Kerri Radcliffe warming to idea of US switch after Phoenix split
'Everything's great' says the horsewoman as she buys at Saratoga
Just a year ago, Kerri Radcliffe was making headlines while signing million-dollar tickets during shopping excursions on behalf of Phoenix Thoroughbreds.
But on Tuesday, she sat on the opposite side of Fasig-Tipton’s Humphrey S Finney pavilion from where her former Phoenix patron, Amer Abdulaziz, was camped, with each acquiring horses in a wholly different manner during the Saratoga selected yearling sale.
Radcliffe and Phoenix split earlier this year, with neither party publicly revealing the nature of their disagreement after together purchasing over $20 million in bloodstock.
But there’s no looking back for Radcliffe, who for a year was the face of Phoenix while based in Britain.
She’s looking strictly ahead as she gathers new clients and contemplates a possible move to the United States, where she says horses she selected for Phoenix - including Grade 1 winner Dream Tree and Belmont Stakes runner-up Gronkowski - have created a demand for her bloodstock selection services.
“Everything is great,” Radcliffe said of this new chapter in her life. “I have been contacted by some really, really good clients because, obviously, the results speak for themselves.
“I can’t wait to see Gronkowski run in the Travers Stakes [on August 25 at Saratoga],” she added. “Chad Brown [his trainer] has told me he’s training great.

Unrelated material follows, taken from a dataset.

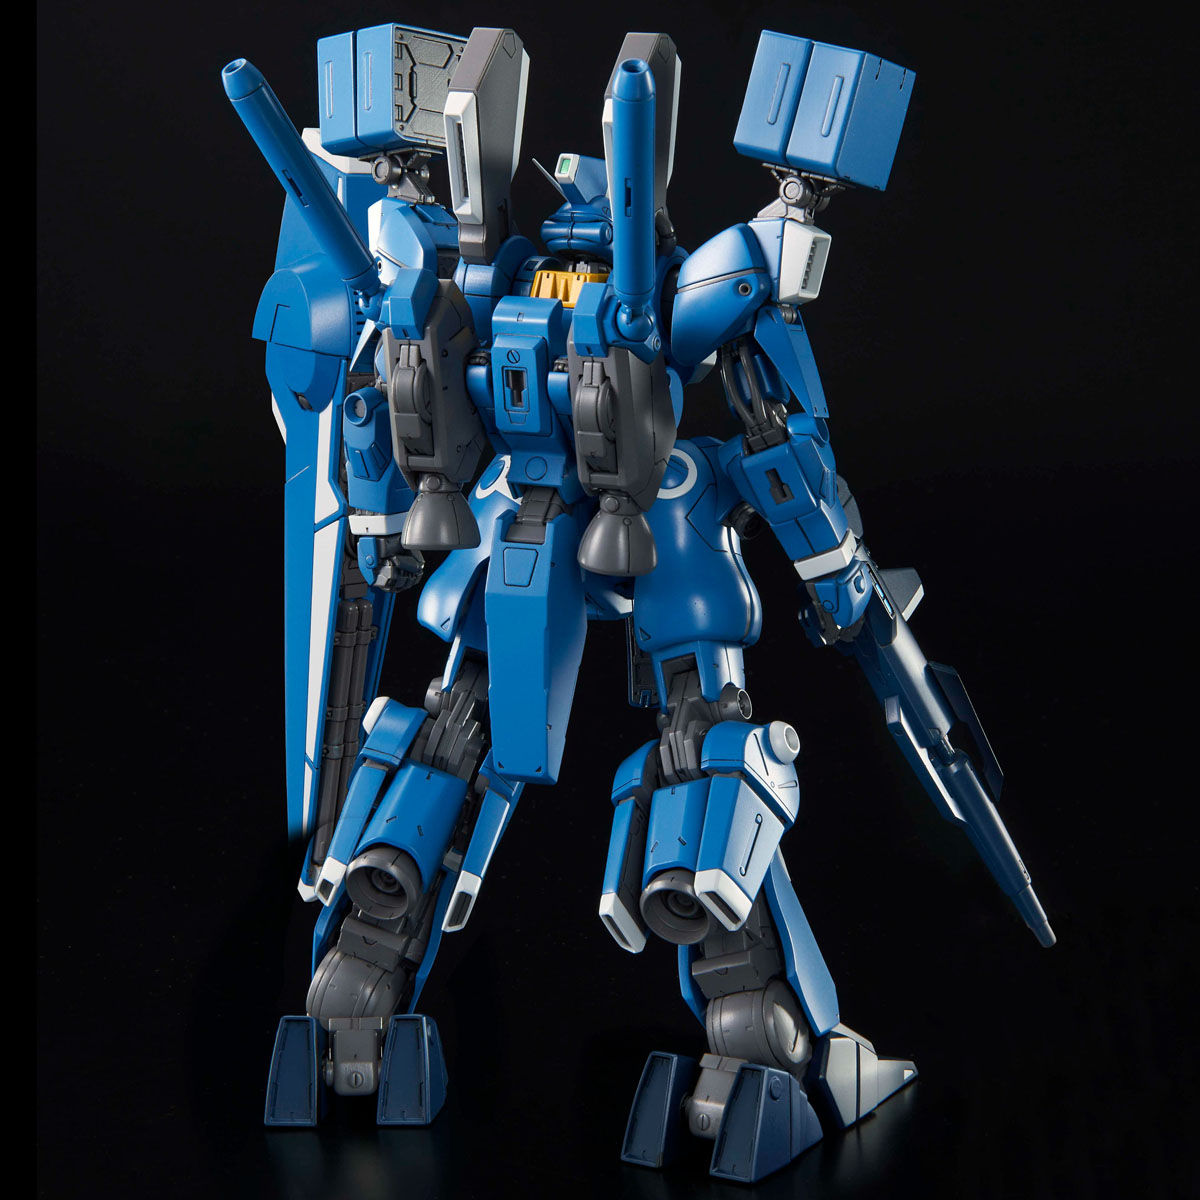 Mg 1 100 Gundam Mk V May 21 Delivery Gundam Premium Bandai Singapore Online Store For Action Figures Model Kits Toys And More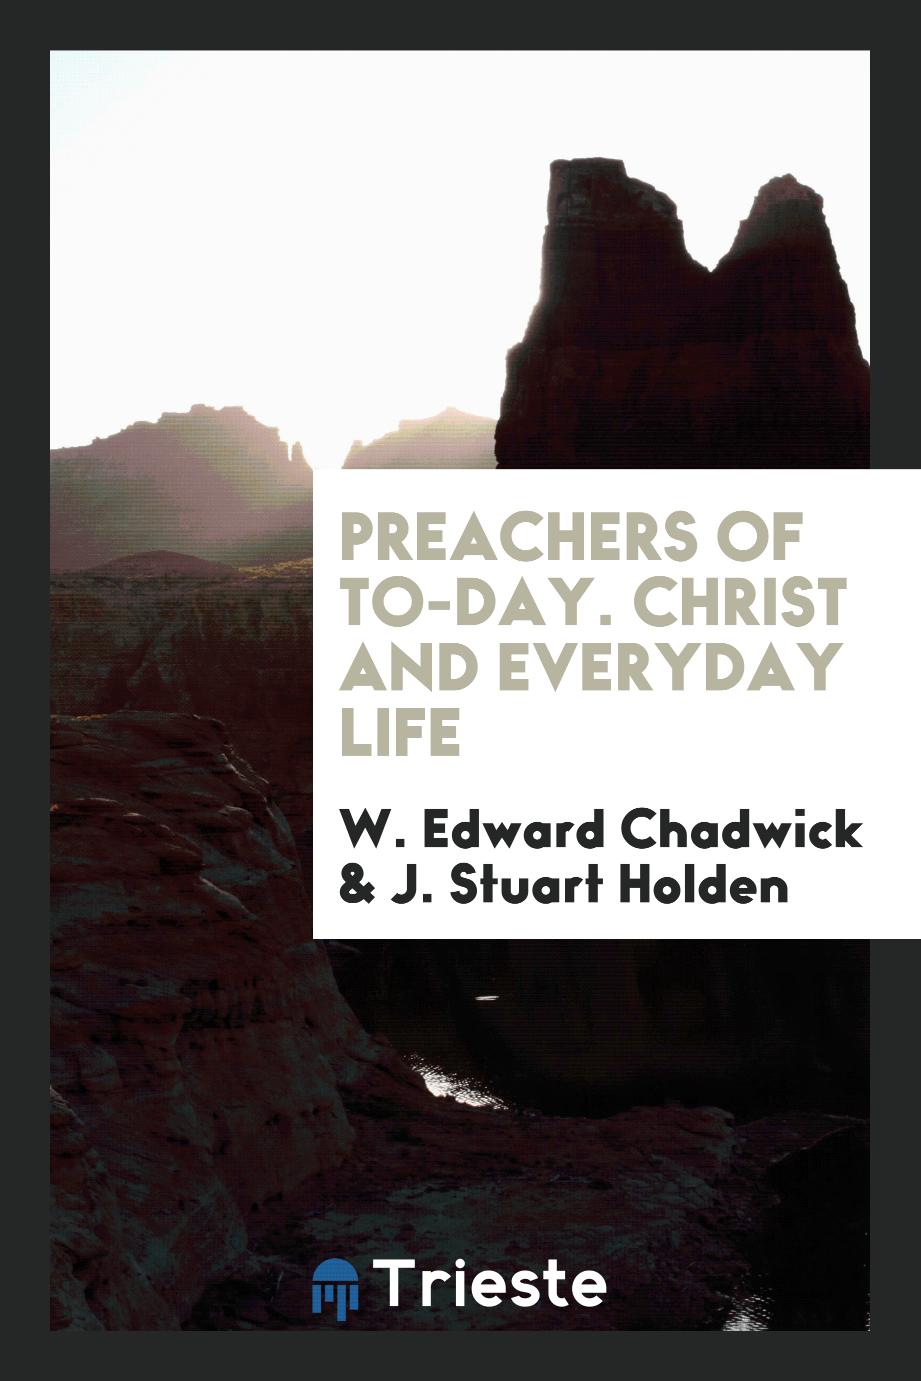 Preachers of To-Day. Christ and Everyday Life

"Dream Tree, I think, is coming back for the Prioress [Stakes on September 2 at Saratoga], and I love that the [Phoenix] two-year-olds are starting to run in Britain, which is brilliant. It has been fabulous, and I've had so much support from some fabulous people, especially in America. Genuine, lovely, people.”
After signing tickets for two yearlings for a total of $685,000 during the closing session of this year’s Saratoga sale - a year removed from buying six yearlings at the venue for $3.95m on behalf of Phoenix - Radcliffe said the Saratoga sale is her favourite auction worldwide due to the electric atmosphere.
Although she would not disclose the identify of those she is now buying for, she said her purchases of a $500,000 More Than Ready colt out of a Brazilian Graded-placed daughter of Kentucky Oaks winner Summerly and a Constitution filly for $185,000 acquired with bloodstock consultant Arthur Hoyeau will stay in the US.
“I actually think my business now is more important in America. And I’d probably say that within time I’ll base myself over here,” Radcliffe said.
Why? “The results in America,” she explained. “And I just have to say I love American people. The sales companies in America welcome you with open arms, whether you’re spending big money or not spending big money; everybody is very genuine.”
Radcliffe has helped American owner George Bolton with bloodstock in Australia and Europe, but she said she was not shopping for Bolton in Saratoga.
As to the More Than Ready colt, hip 154 consigned by Denali Stud as agent, Radcliffe said “He's a gorgeous colt. Everyone knows I love More Than Ready and he’s a lovely, strong colt who looked like he had a great mind and the one thing I love - a great, big walk.”
The Constitution filly, Hip 168 from the Warrendale Sales consignment, is a half-sister to winner Diamondsandpearls, who Radcliffe purchased as a juvenile for Phoenix last year for $1.7m.
“Diamondsandpearls is back on the work list [at Del Mar, after being sidelined for about a year] and she is one who I hold very dear to my heart. I really loved her,” Radcliffe said.
Meanwhile, Phoenix is relying heavily on trainers’ advice. Abdulaziz was sitting with Steve Asmussen, the trainer of champions Gun Runner, Curlin and Rachel Alexandra, when Phoenix made the winning bid of $1.3m - the second highest price of the sale - for hip 204, a Medaglia D’Oro filly who is a half-sister to Preakness Stakes winner Exaggerator.
Asmussen described the filly as a “work of art. I don’t think you’re likely to find another one like her".
Phoenix’s other purchases included four yearlings who sold for $400,000 or more, topped by a $475,000 colt from the first crop of Carpe Diem.